It would also be very nice if the security of the feature could be
confirmed. The problem with SGI's implementation is that it becomes
possible to monitor files that you don't own, don't have access to,
or are not permitted to know even exist. For these reasons, we have
disabled the feature.

-------------------------------------------------------------------------
Jesse I Pollard, II
Email: pollard@navo.hpc.mil

Any opinions expressed are solely my own.
-
To unsubscribe from this list: send the line "unsubscribe linux-kernel" in
the body of a message to majordomo@vger.kernel.org
Please read the FAQ at http://www.tux.org/lkml/

Re: FS callback routines

[Daniel Phillips]

Jesse Pollard wrote:
> Daniel Phillips <phillips@innominate.de>:
> > This may be the most significant new feature in 2.4.0, as it allows us
> > to take a fundamentally different approach to many different problems.
> > Three that come to mind: mail (get your mail instantly without polling);
> > make (don't rely on timestamps to know when rebuilding is needed, don't
> > scan huge directory trees on each build); locate (reindex only those
> > directories that have changed, keep index database current).  As you
> > noticed, there are many others.
> > ...
> 
> It would also be very nice if the security of the feature could be
> confirmed. The problem with SGI's implementation is that it becomes
> possible to monitor files that you don't own, don't have access to,
> or are not permitted to know even exist.

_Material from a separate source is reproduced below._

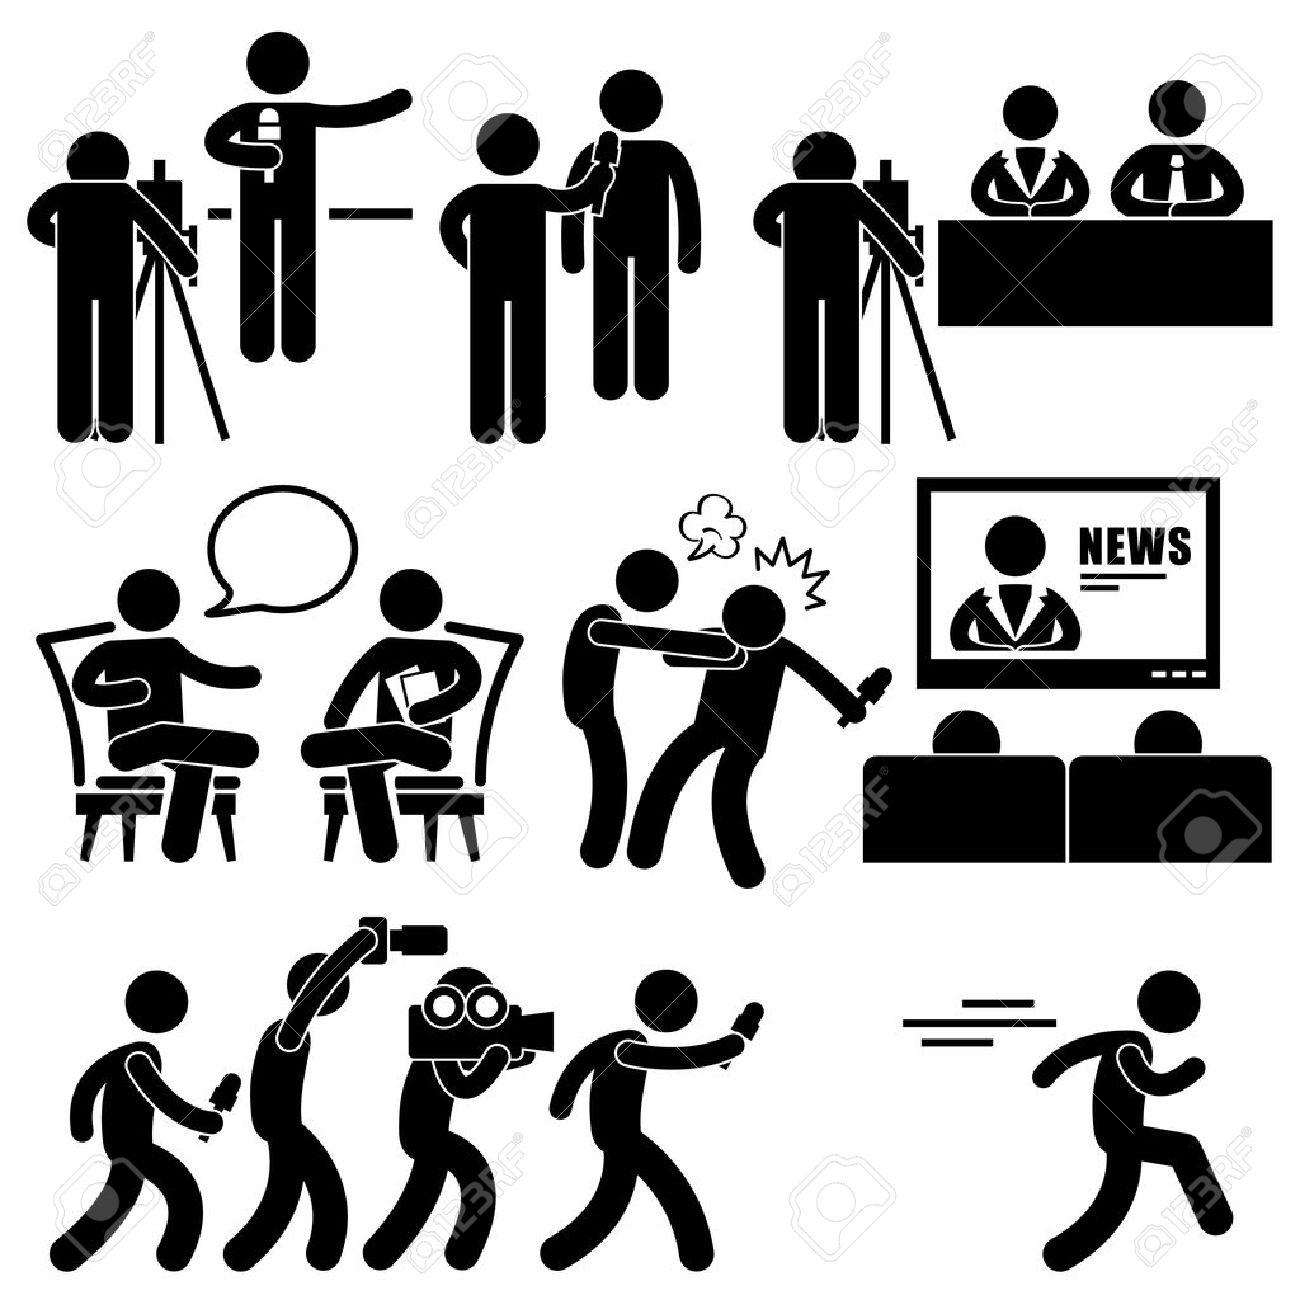 News Reporter Anchor Woman Newsroom Man Talk Show Host Stick Figure Pictogram Icon - 18452153

To receive notification about events in a given directory you have to be
able to open it.  Is this adequate for your needs?

> For these reasons, we have disabled the feature.

It's nice to have that option, isn't it? ;-)

--
Daniel
-
To unsubscribe from this list: send the line "unsubscribe linux-kernel" in
the body of a message to majordomo@vger.kernel.org
Please read the FAQ at http://www.tux.org/lkml/

Re: FS callback routines

[Jamie Lokier]

Daniel Phillips wrote:
> > It would also be very nice if the security of the feature could be
> > confirmed. The problem with SGI's implementation is that it becomes
> > possible to monitor files that you don't own, don't have access to,
> > or are not permitted to know even exist.
> 
> To receive notification about events in a given directory you have to be
> able to open it.  Is this adequate for your needs?

No, because to open a directory you only nead read permission, whereas
to read attributes of files in the directory, you need execute
permission on the directory.

Also, you are getting notifications for unlinked files, which perhaps
you should not be able to know anything about.  (If the directory wasn't
accessible when the file was unlinked for example, but was made
accessible later).

-- Jamie
-
To unsubscribe from this list: send the line "unsubscribe linux-kernel" in
the body of a message to majordomo@vger.kernel.org
Please read the FAQ at http://www.tux.org/lkml/

Re: FS callback routines

[Michael D. Crawford]

Regarding notification when there's a change to the filesystem:

This is one of the most significant things about the BeOS BFS filesystem, and
something I'd dearly love to see Linux adopt.  It makes an app very efficient,
you just get notified when a directory changes and you never waste time polling.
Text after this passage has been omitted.